:: Supplied entries ::
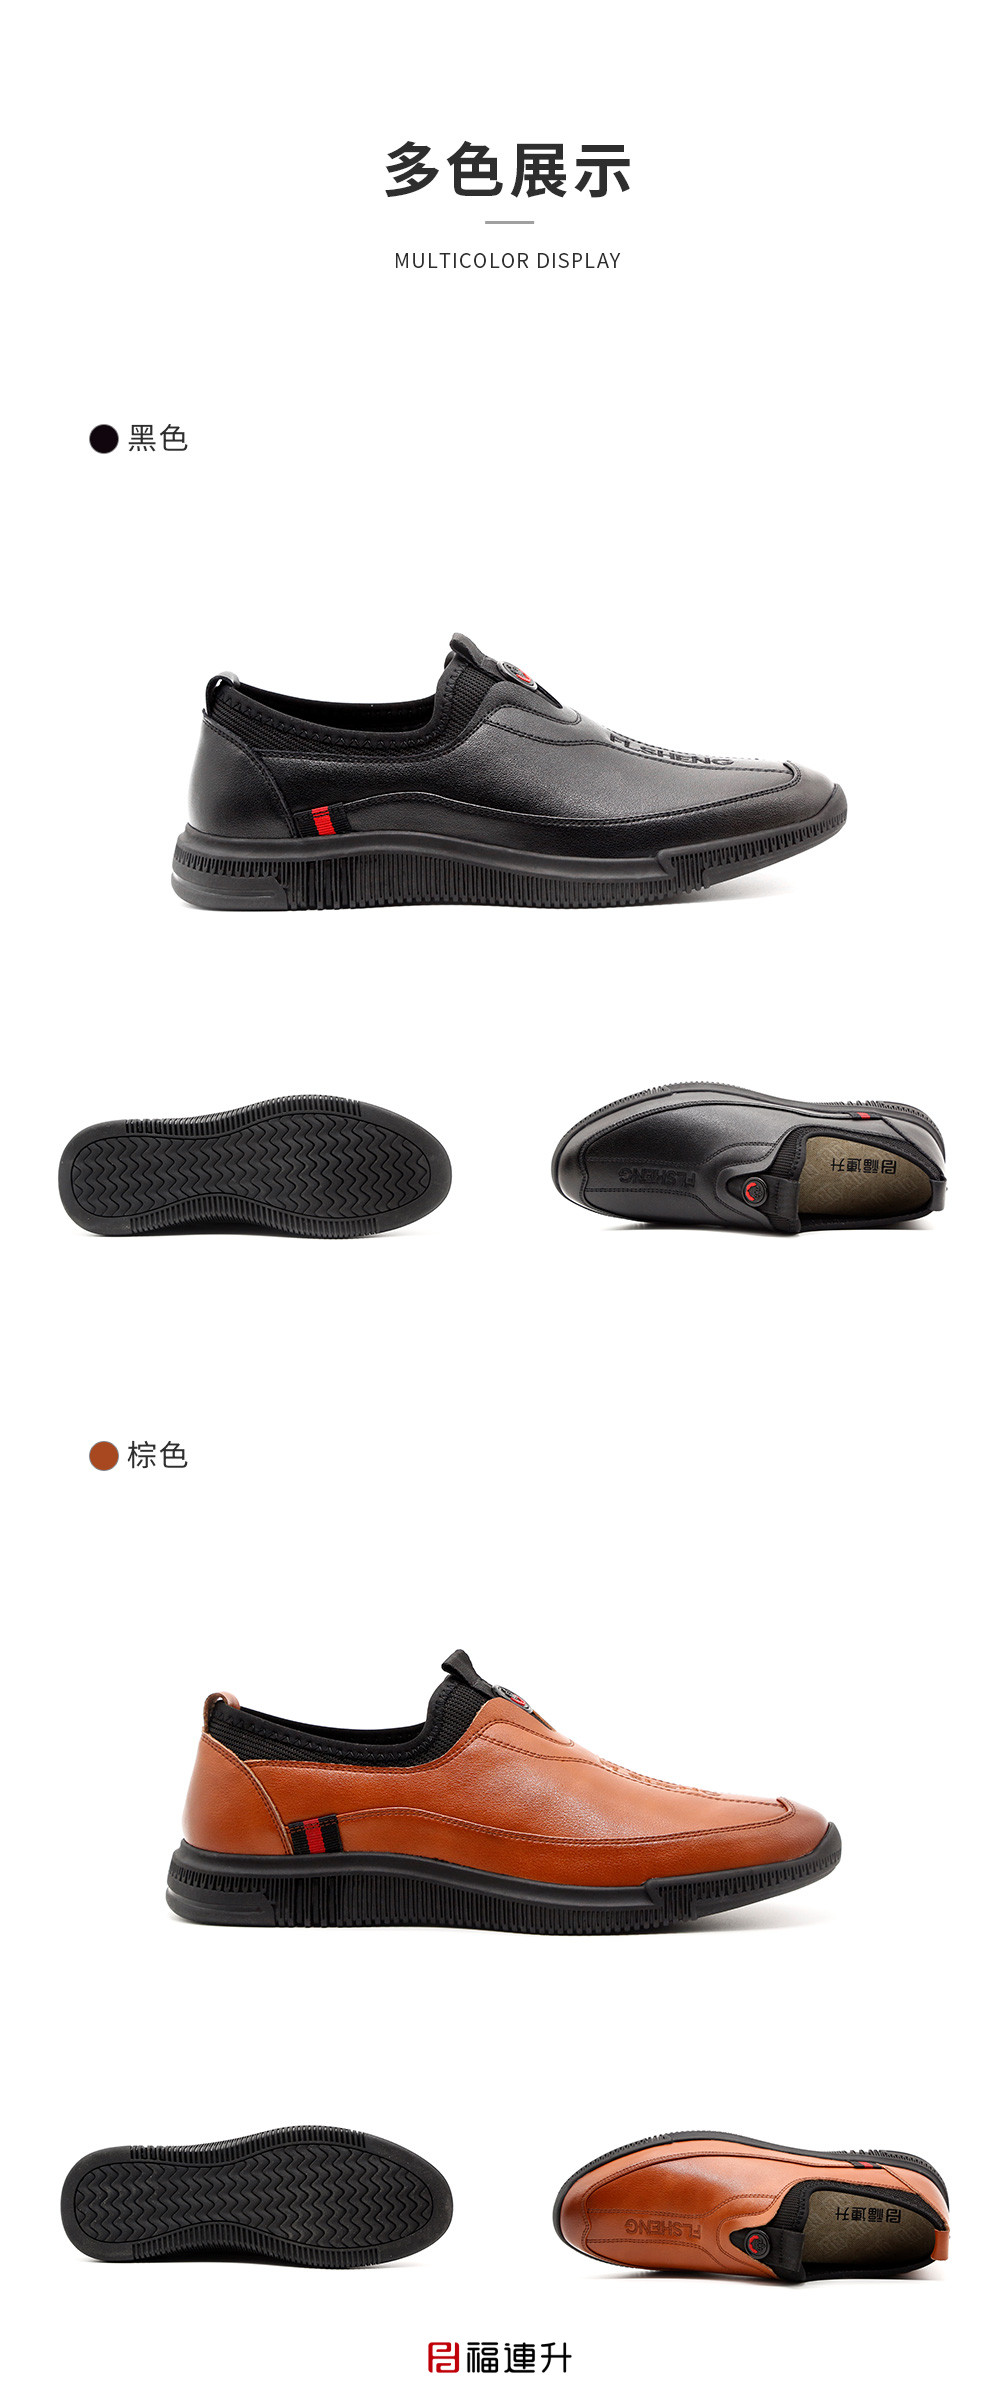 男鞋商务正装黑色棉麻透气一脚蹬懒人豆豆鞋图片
==
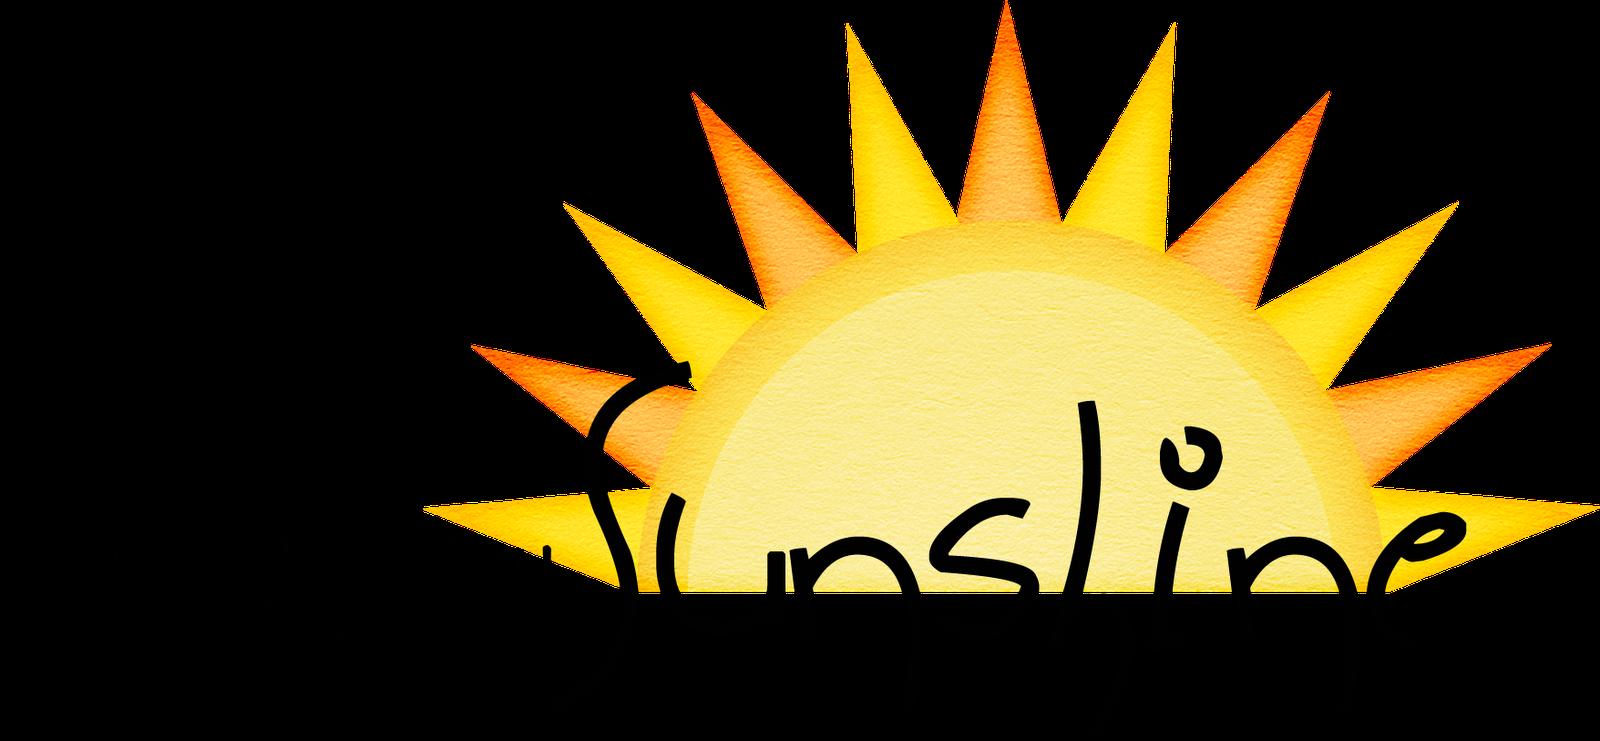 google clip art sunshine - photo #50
==
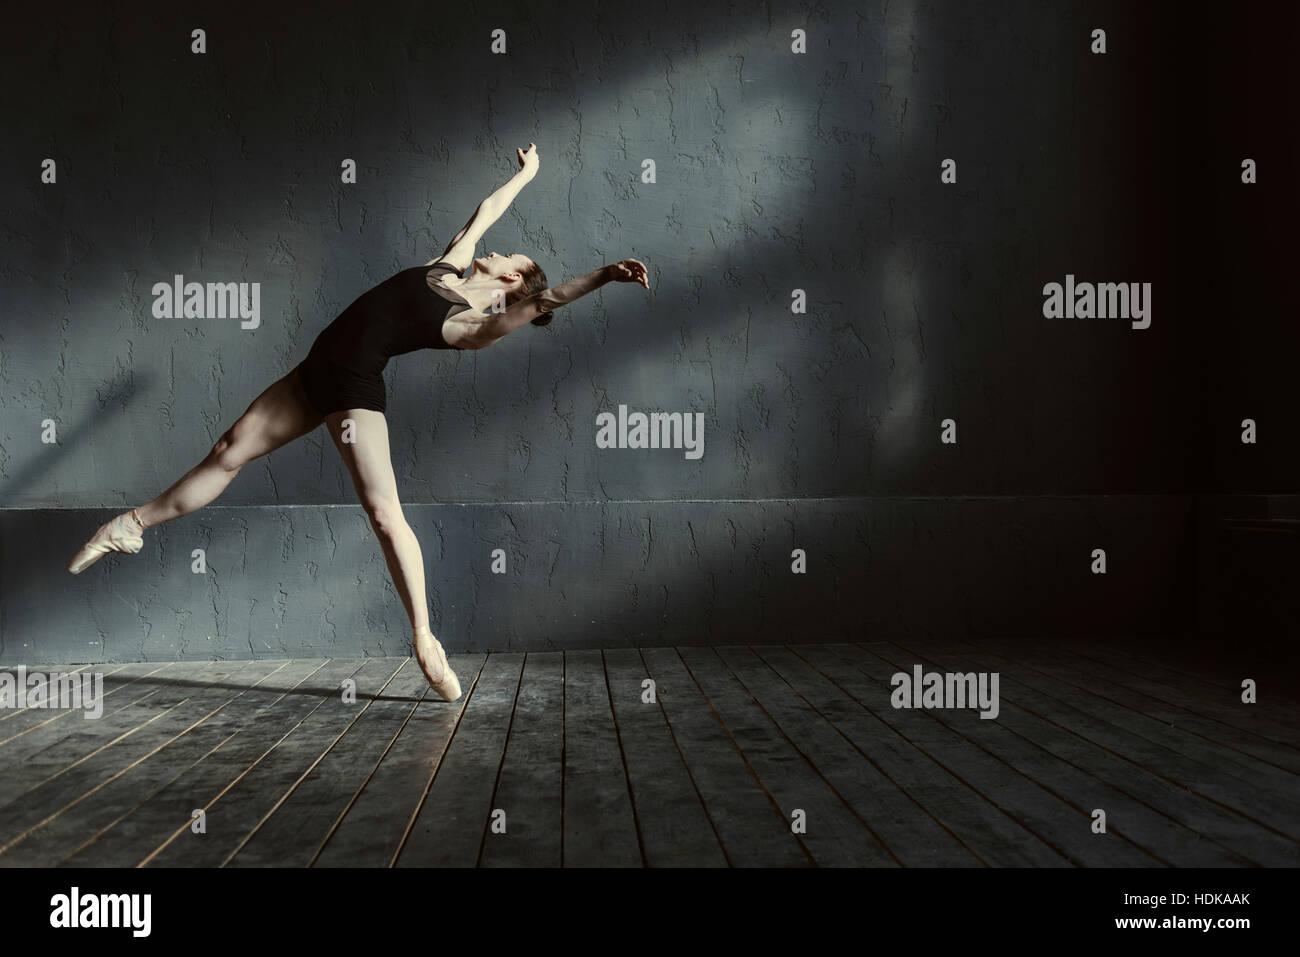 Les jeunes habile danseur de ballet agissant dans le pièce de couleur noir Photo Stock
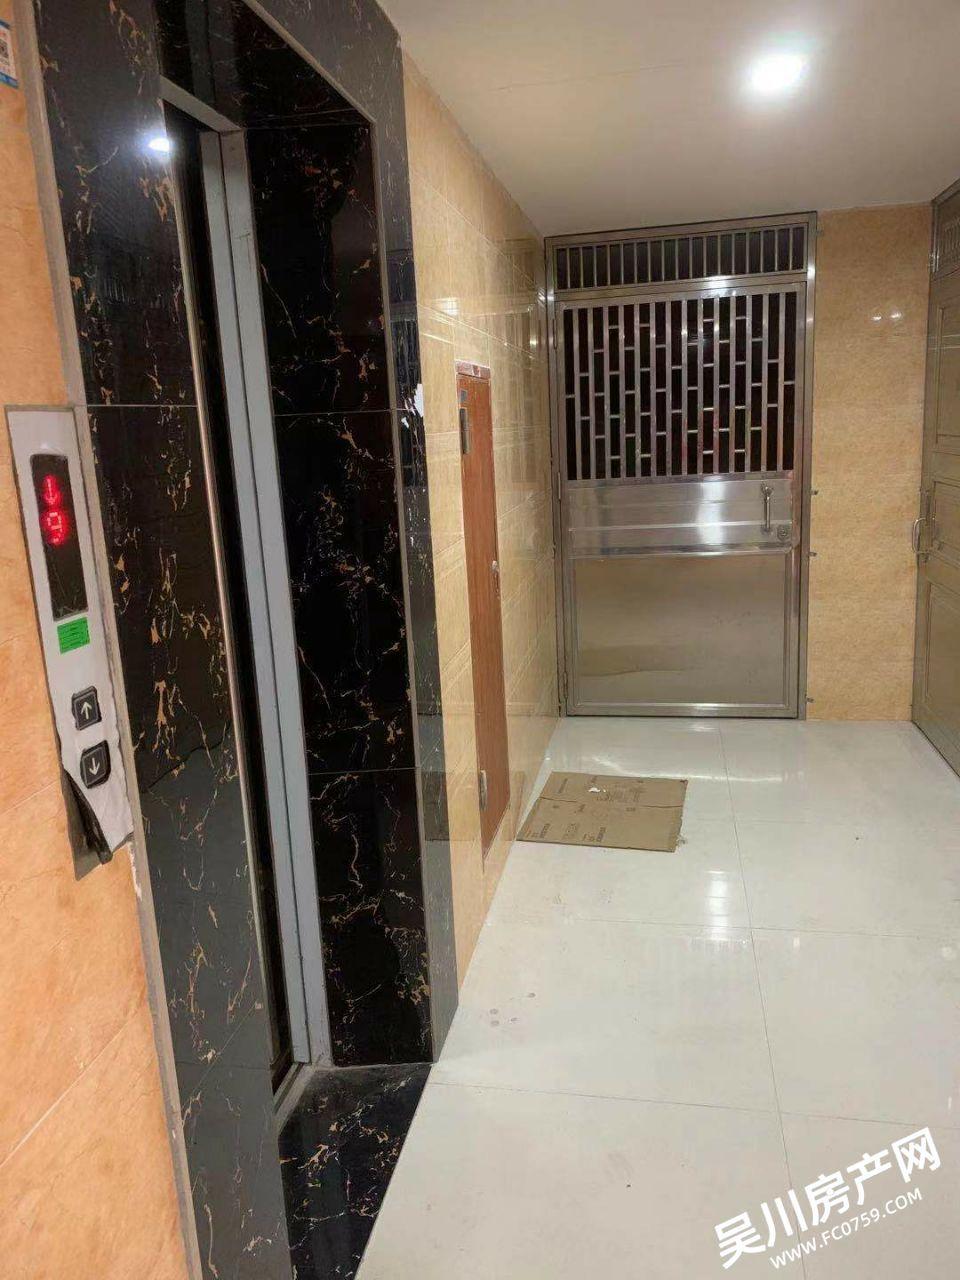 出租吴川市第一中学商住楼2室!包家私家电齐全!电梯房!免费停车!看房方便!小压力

:: Instructions for the task ::
Going by the data above, the answer is exactly the lines from the one holding "Les jeunes habile" to the one holding "出租吴川市第一中学商住楼2室", both kept, with the pictures left out.

:: Reply to the task ::
 Les jeunes habile danseur de ballet agissant dans le pièce de couleur noir Photo Stock
 出租吴川市第一中学商住楼2室!包家私家电齐全!电梯房!免费停车!看房方便!小压力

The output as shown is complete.